I have owned my gorgeous ex racer for 2 years now. He is 16 and I would love any info, especially pics of him in when he was younger. I have contacted the training yard he came from but have had no joy there. He is called Vincent Van Gogh, his sire was Executive Perk and he was on a yard in the Somerset region. He was with Mark Pitman for much of his younger racing days. (steeplchaser)

Any ideas anyone??

I have found his form on racing post, but it's pics I'm after really. Is this an impossible ask???? 

Thanks


----------



## Miss L Toe (30 November 2011)

I will try to find you the name of some professional photographers
try 
http://www.nickhorlerphotography.co.uk/gallery_194368.html
http://www.racing-chronicle.co.uk/photo-store/
the record of his racing on Racing Post.........
http://www.racingpost.com/horses/ho...=horse_race_record&bottomHorseTabs=horse_form
......tells us he would not be in any winners photos [not on RP photo gallery] so you are only looking for photos on the database of local photographers or the connections.
Bernard Parkin has a lot of years in racing, may be worth emailing him
http://www.directoryoftheturf.com/profile.cfm/searchid/17773


----------



## Miss L Toe (30 November 2011)

I have been chatting to Bernard and he does not have any pics :[


----------



## ChristmasPixie (30 November 2011)

Thank you so much for trying.
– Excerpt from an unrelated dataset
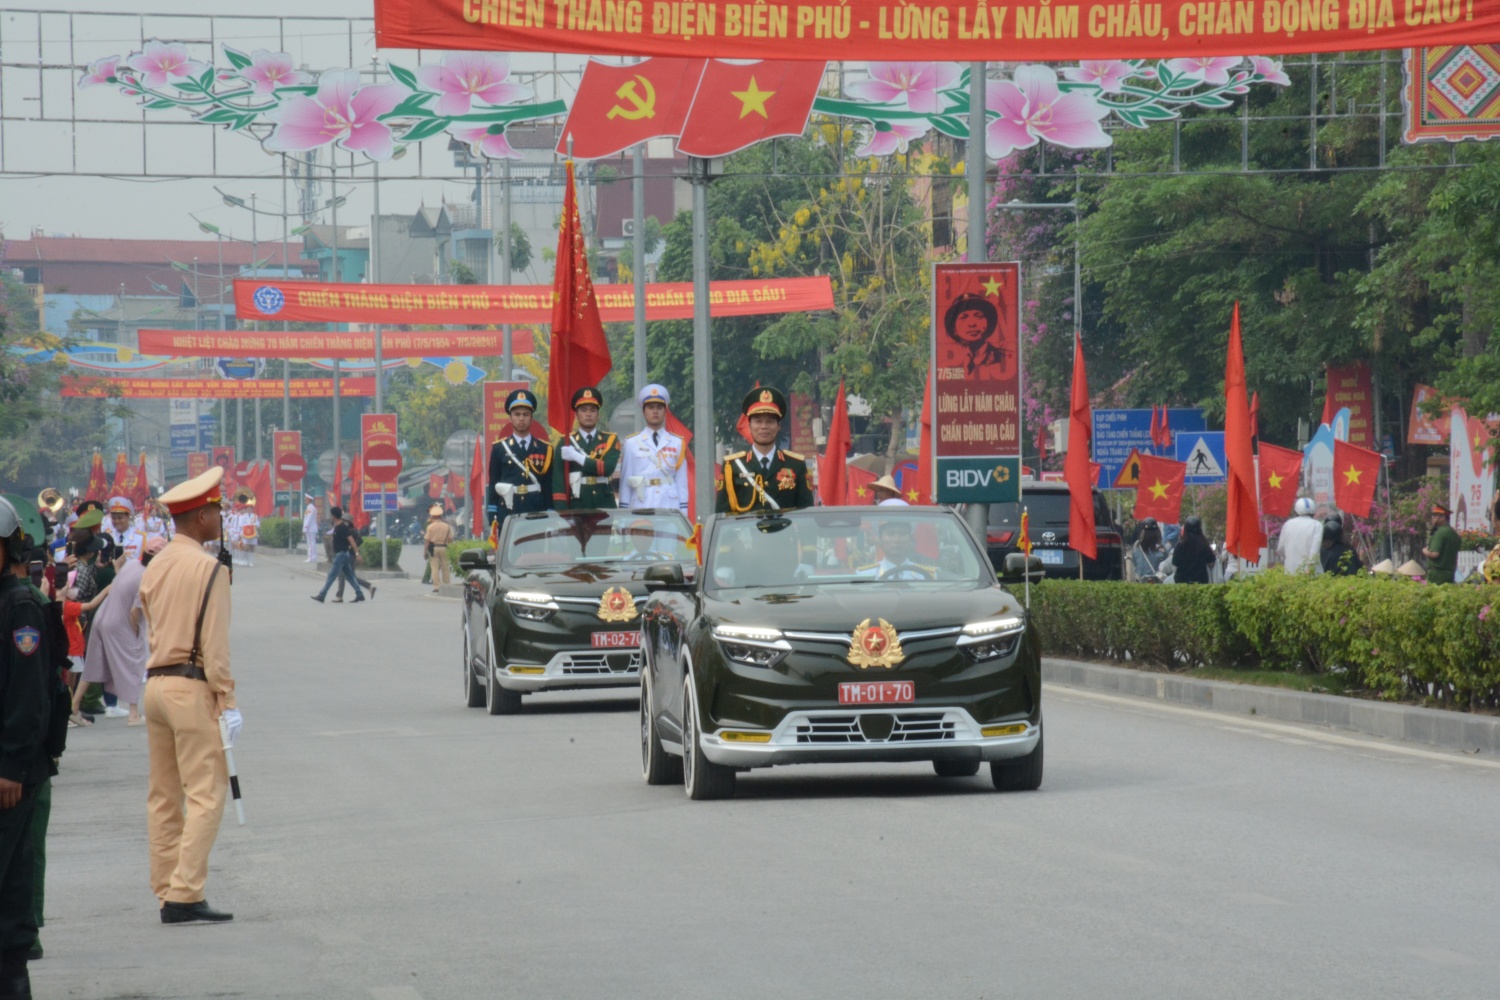 Thành phố Điện Biên Phủ rực rỡ cờ hoa, sẵn sàng cho lễ kỷ niệm chiến thắng lịch sử

I didn't know where to start!! I think he won a couple of races, but I guess not all of them get photographed??

I will definitely look into those links you sent me though.

Thanks again


----------



## MuddyTB (30 November 2011)

Afraid I can't help with your boy but I managed to get photos of my ex-racer by checking his record on racing post then contacting the various courses and asking who the course photographers were.

I then contacted a few of them and got lucky with one. Hope you find something and good luck.


----------



## ChristmasPixie (30 November 2011)

Thanks MuddyTB, I shall do that!


----------



## mastermax (30 November 2011)

Hi I found pictures and a dvd of our ex racers by finding the relevant race through racing post and then contacting Race Tech. they sent me the full DVD of one of ours winning race which is fabulous to have. good Luck


----------



## superpony (30 November 2011)

I found the best way to find pictures is to look at the racecourses they raced at and then look for the photographers who worked at those racecourses. By either searching on the racing post list of photographers and by contacting the racecourses and asking for their list of photographers.


----------



## ChristmasPixie (1 December 2011)

Thank you everyone, I know where to start now!


----------



## humblepie (1 December 2011)

Thanks for the Racing Chronicle link, have found some more of my recently acquired one.


----------



## lillith (1 December 2011)

http://www.racingpost.com/horses/ho...=photo_tab_content&bottomHorseTabs=horse_form

I'm not sure if I got the link right so you might have to copy and paste but this looks like the right horse and has a race record, it might be a good place to start?


----------